Après La maladie du roi (Le Cherche Midi, 2013), premier roman courageux consacré à la fistule de Louis XIV, Christian Carisey confirme sa passion pour l’histoire et progresse à reculons dans le temps, puisqu’il écrit ici le "vrai-faux" testament de Descartes (1596-1650). Carisey, qui confie n’avoir "pratiquement rien inventé" mais revendique quelques personnages pour des raisons romanesques, s’est livré à une reconstitution méthodique de la vie du philosophe, "plus grand mort que vivant", même s’il fut salué en son temps comme un esprit hors du commun, tant par certains de ses confrères, savants, clercs et écrivains, que par quelques grands de ce monde, comme la princesse (dépressive) Elisabeth de Bohême, ou la reine (tyrannique) Christine de Suède, qui furent ses protectrices. La première surtout. La seconde, elle, le considérait comme un laquais, lui imposant des conversations théologiques à cinq heures du matin pour savoir si, luthérienne, elle devait se convertir au catholicisme ! Ce qu’elle finit par faire. Mais l’exercice répugnait au philosophe, lui qui, bon catholique, s’est tenu à l’écart des querelles religieuses de son temps, et aussi parce que ces conditions matérielles imposées, ajoutées au rude climat de Stockholm, finissaient de ruiner sa santé. Il est d’ailleurs mort dans son exil.
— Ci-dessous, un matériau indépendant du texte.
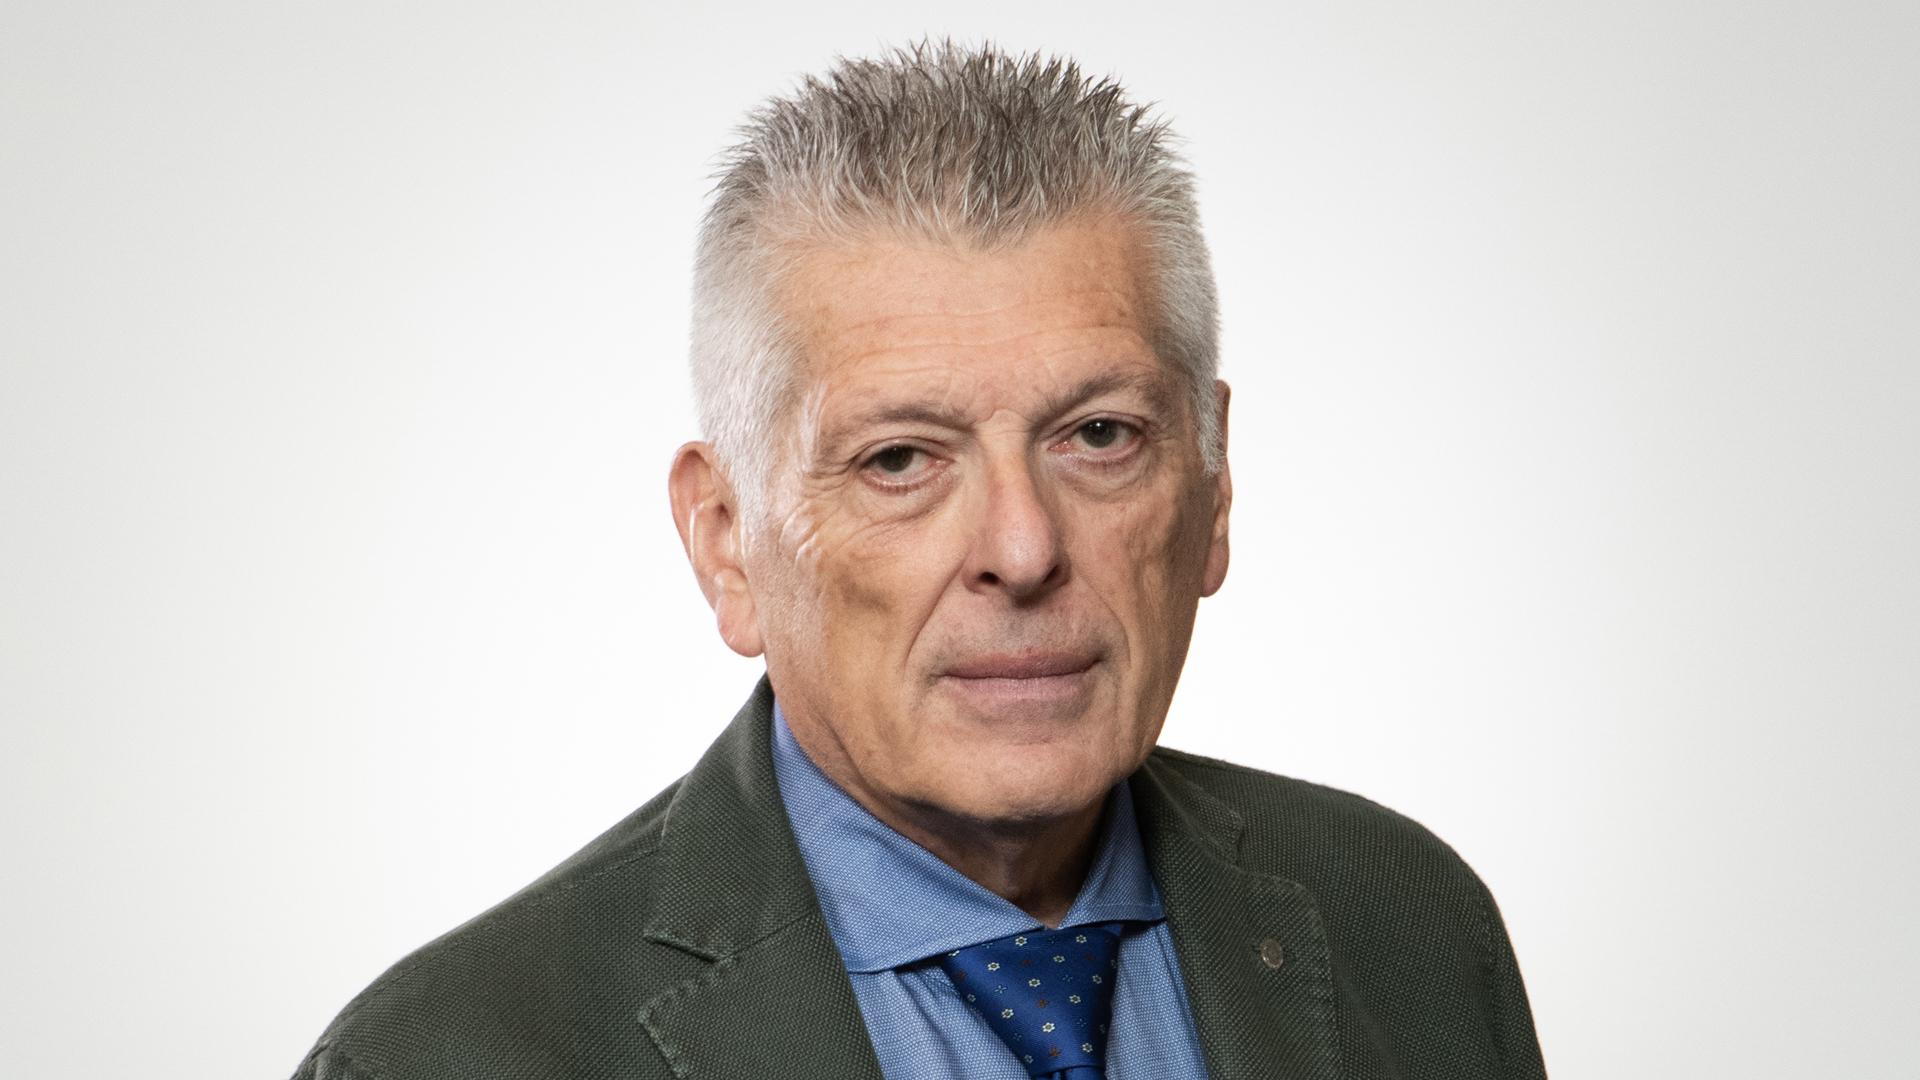 Vincenzi Massimo
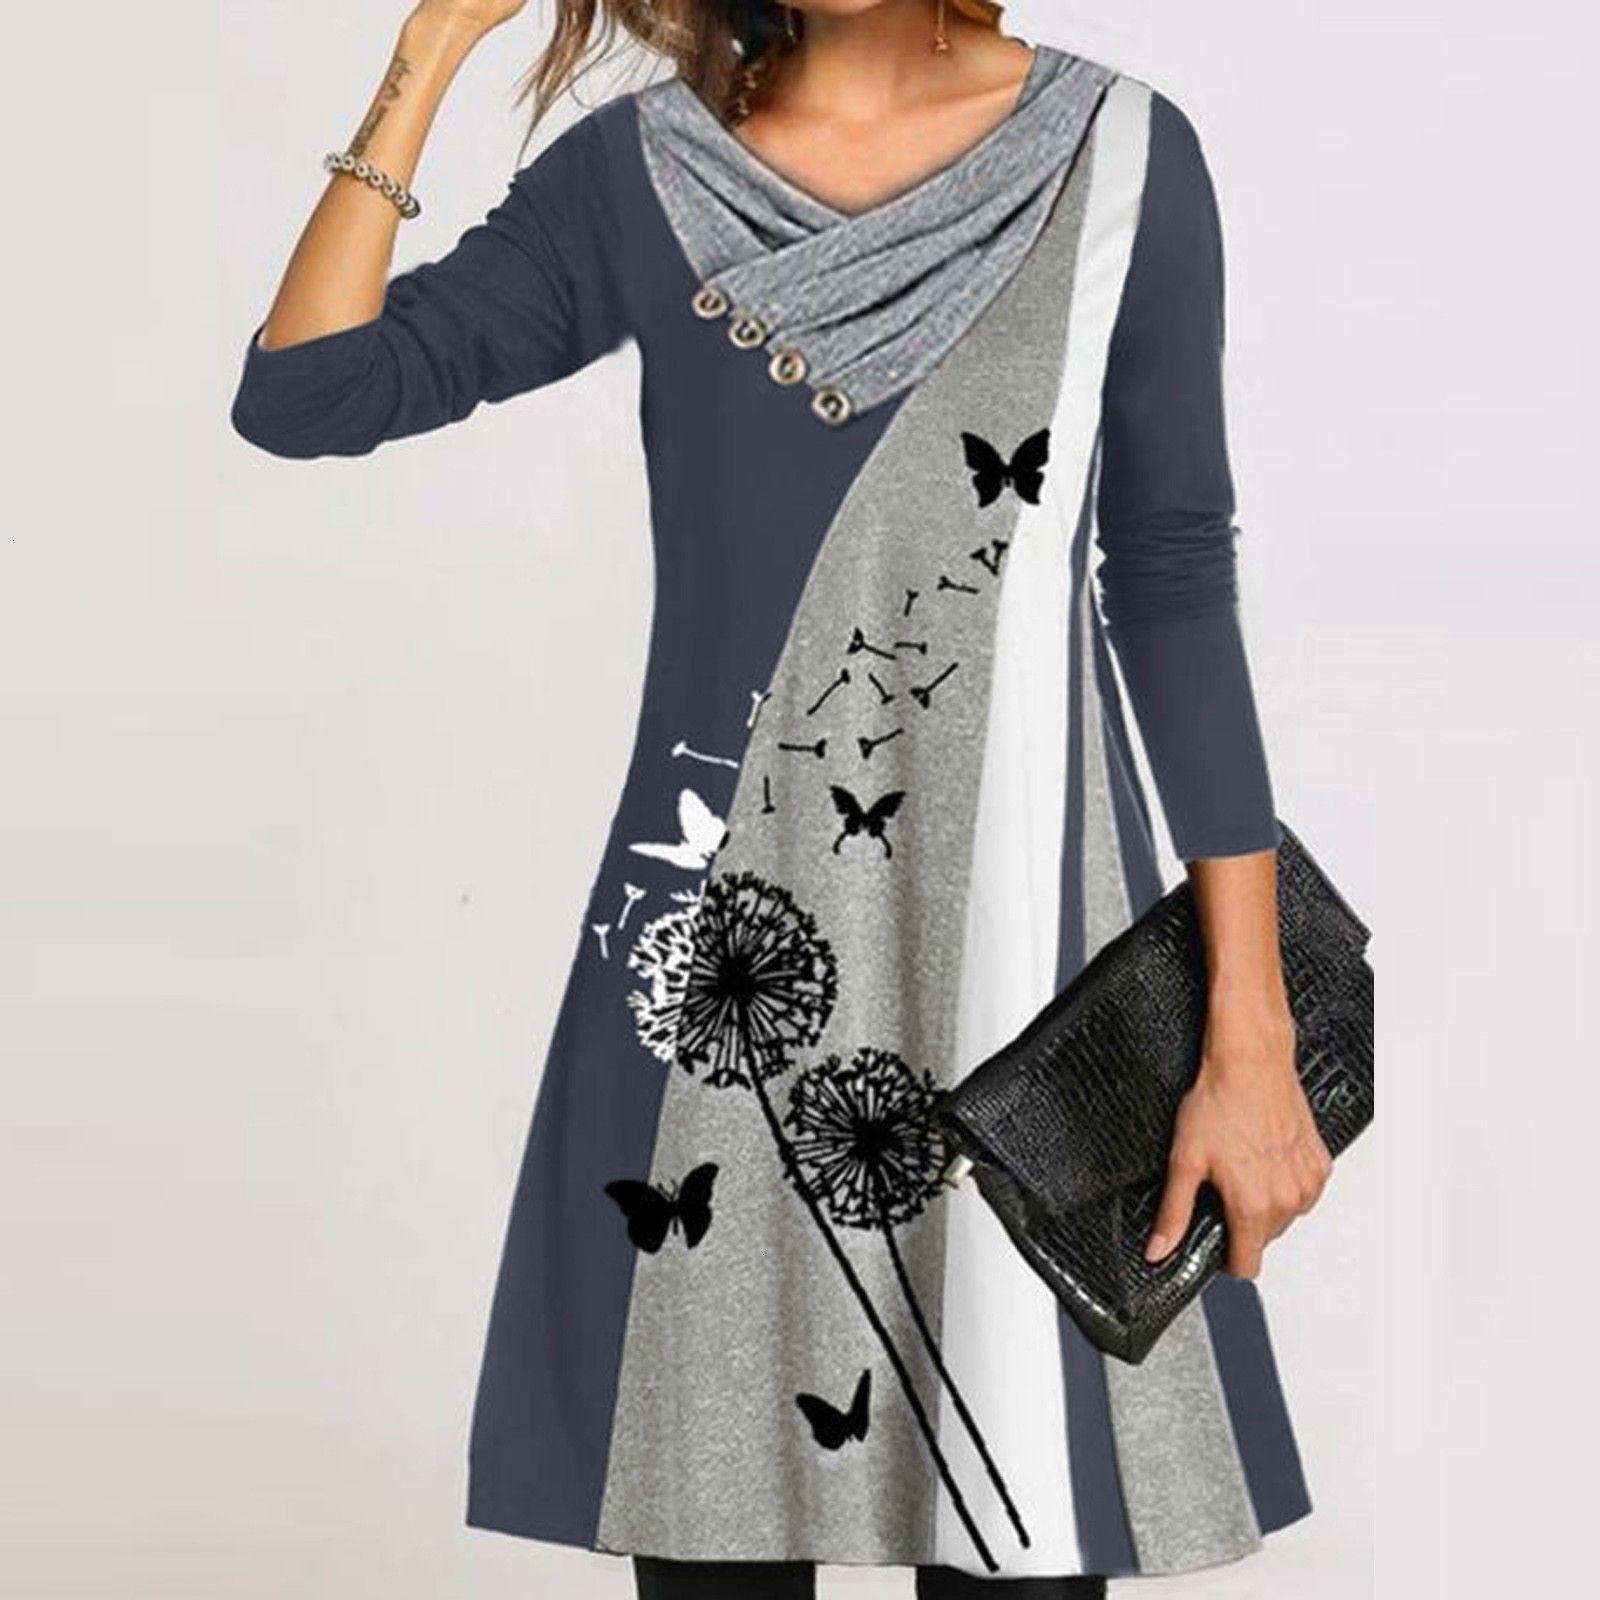 Dress 40. # Fiori femminili ES Stampato Stiksels Stiksels Stiksels Stikwork Pulsante V-Collar lungo Mouwen Comodi tela

Descartes avait également de solides ennemis, en particulier à la cour de Suède, et des rumeurs d’empoisonnement ont circulé.
Cela, on l’apprend dans le précieux "Post-scriptum" que Carisey a ajouté au texte du pseudo-Descartes. Le moderne y prend ses distances avec la première biographie du philosophe, publiée en 1691 par le curé Adrien Baillet, une tentative de pieuse hagiographie, alors qu’il se voulut toujours un homme libre, un penseur rationnel et scientifique. On y suit aussi les incroyables tribulations des restes de Descartes, toujours dispersés à Paris alors qu’il mériterait largement le Panthéon. Curieux, personne n’en parle. L’un des plus grands esprits français ne serait-il pas prophète en son pays ? Ou lui fait-on payer son amour des Pays-Bas, terre de tolérance ? En attendant, c’est un Descartes décapé que Christian Carisey nous donne à redécouvrir, et en français d’aujourd’hui.
J.-C. P.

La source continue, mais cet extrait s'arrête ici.